Hong Kong-listed warehouse owner ESR buys Singapore’s ARA for US$5.2 billion to create Asian powerhouse in logistics real estate
- ESR to pay US$4.7 billion in new stock and vendor loan, plus US$519 million in cash
- Deal to create a group with US$129 billion in assets, or more than twice its next Asian rival, with control over 14 listed REITs in region
Hong Kong-listed ESR will buy the Singapore-based firm for US$5.2 billion by issuing US$4.7 billion worth of new shares and loans and US$519 million in cash, according to a stock exchange filing. It will raise the cash via a stock placement and internal resources.
The deal will combine two of the region’s fastest growing platforms with new economy assets, which will account for almost 40 per cent of the enlarged portfolio, while catapulting them to first and second positions in every market across their operations. ESR’s US$129 billion portfolio will be more than twice the next largest manager in Asia-Pacific, and the company will be the third-largest listed real estate investment manager globally.
“We really think this is an incredible … kind of landmark … transaction within real estate and Asia-Pacific,” ESR chairman Jeffery Perlman said in a briefing.

When asked if ESR would expand globally, Perlman said the company was “very disciplined and focused on the opportunities in Asia-Pacific”.
GLP, another Singapore-based logistics player with more than US$110 billion in assets under management according data provided by the company on August 6, was taken private in a buyout by management and a consortium of Chinese private-equity funds in 2018.
ESR will issue 1.234 billion new shares at HK$27 each, a slight discount on its last traded price of HK$27.70, and also pay some of the vendors with US$387 million worth of loan notes that may be converted into new ESR shares at HK$27 each.
The firm will raise US$250 million of the US$519 million cash element by placing out 76.7 million new shares to Sumitomo Mitsui Banking Corporation at HK$25.35 per share.
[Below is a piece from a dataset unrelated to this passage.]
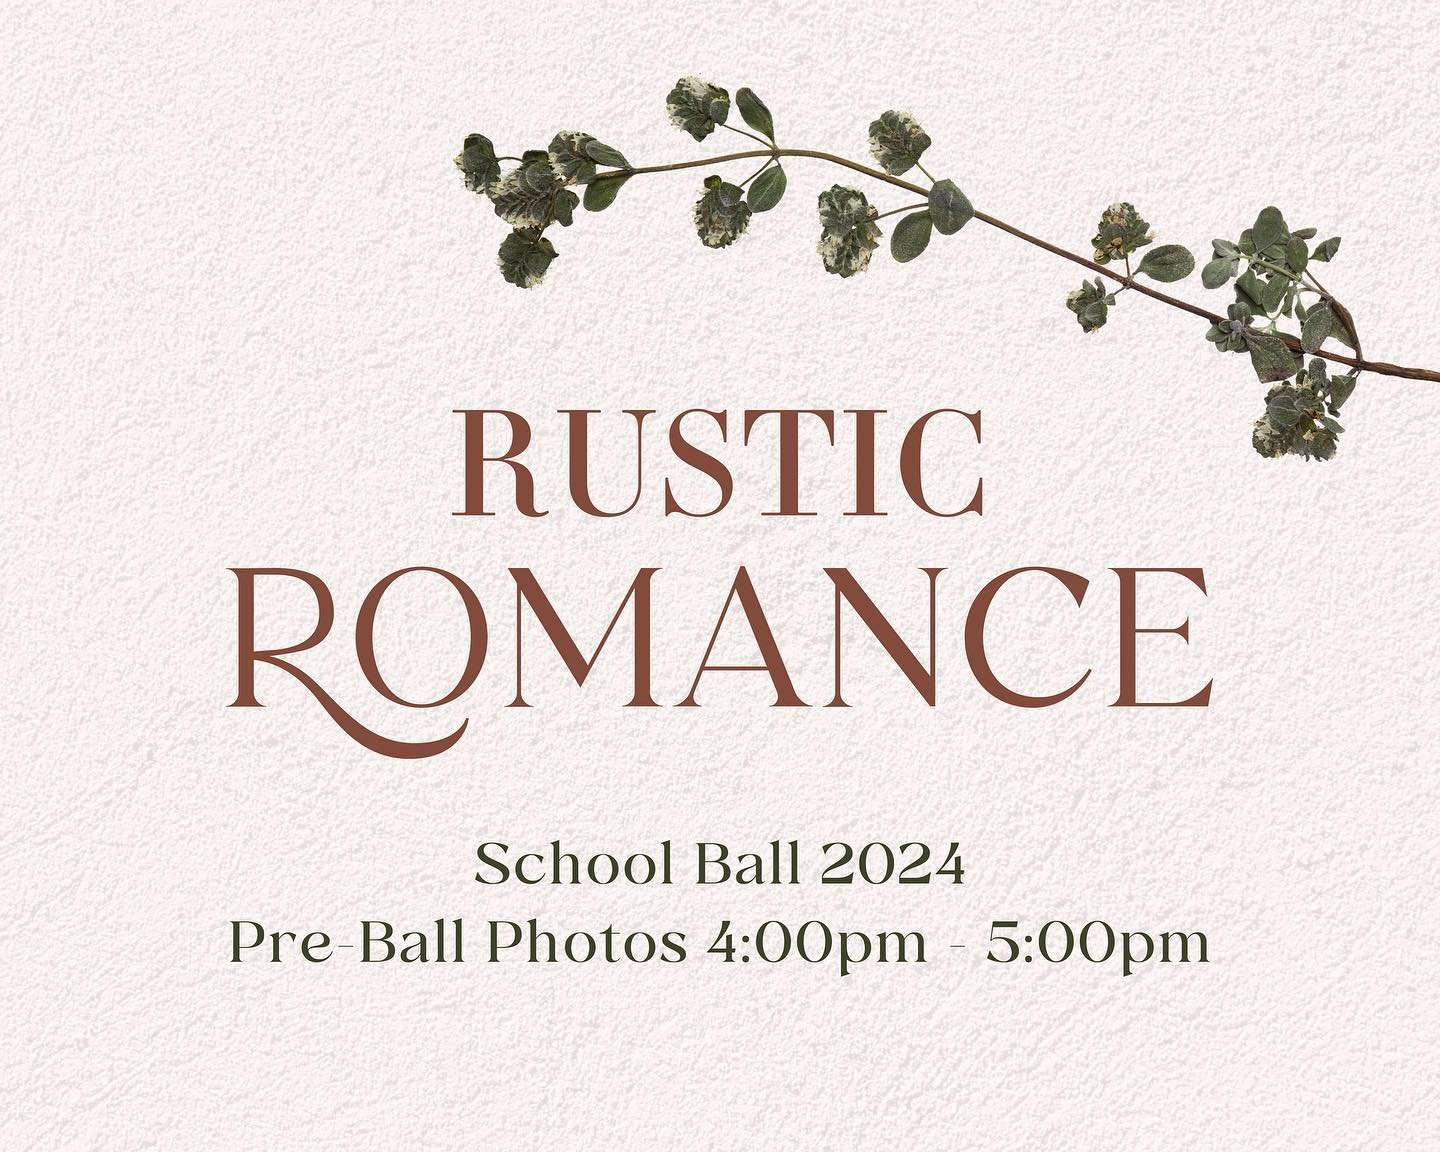 1 more sleep to go before our College Ball tomorrow. 💃 We can&rsquo;t wait to see you all dressed in your best and ready to dance the night away. Pre-ball photos will start at 4pm at the College, swipe through the carousel to view a map of the Colle

The Japanese banking group, one of the ARA shareholders, will end up with an about 4.6 per cent stake in ESR after the transaction.
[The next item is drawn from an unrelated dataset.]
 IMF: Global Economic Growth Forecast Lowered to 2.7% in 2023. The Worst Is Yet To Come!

The ESR-ARA transaction is subject to shareholders’ approval and other conditions including regulatory approvals, and closing is expected by the end of this year or the first quarter of 2022, according to the filing.
The trend now is that capital goes to big managers, so the two companies can complement each other and become a powerful one that can meet the needs of global investors, said Francis Li, international director, head of capital markets in Greater China, at Cushman & Wakefield.
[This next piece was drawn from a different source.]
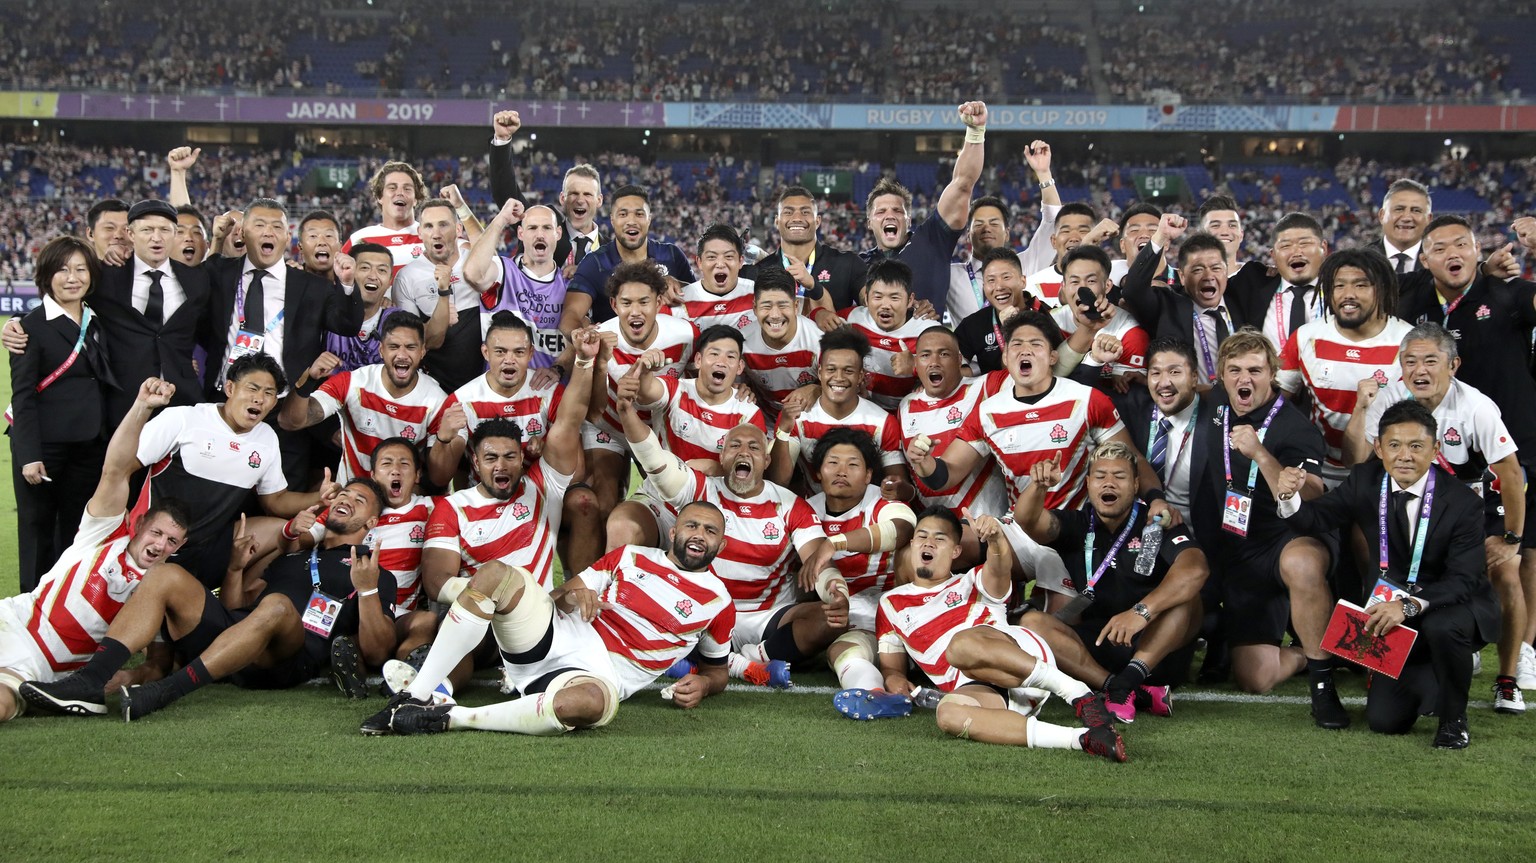 Japan players and management celebrate after defeating Scotland 28-21 in their Rugby World Cup Pool A game at International Stadium in Yokohama, Japan, Sunday, Oct. 13, 2019. (AP Photo/Christophe Ena)

“More investors invest in large managers. The room for survival for small managers will be smaller,” Li said. “The bigger you are, the more capital people give you.”
Investment volume in Asia-Pacific commercial real estate reached US$83.5 billion in the first half of 2021, up 39 per cent year on year, according to JLL. The total investment volume in Hong Kong’s real estate rose 95 per cent on year in the first half of this year.
“Asia-Pacific real estate investment is clearly back as investors reaffirmed their positive outlook, ensuring a sizeable upswing in year-on-year volume in the first half,” said Stuart Crow, CEO of capital markets at JLL in Asia-Pacific. “We expect further activity in the second half of 2021, as investors look to portfolio deals, corporate sale and leasebacks, and seek more diversification into sectors like logistics and industrial.”
Logistics and industrial investment in Asia-Pacific surged by 2.15 times year on year in the second quarter to US$15 billion, supported by e-commerce expansion regionally and investors’ desire to diversify into more resilient asset classes.
In Hong Kong, social tensions and the Covid-19 outbreak combined to pressure the city’s property market greatly since mid-2019, but the worst of it appears to be over with the industrial sector picking up in the first half of 2021 and seeing investment volume grow 2.04 times on year.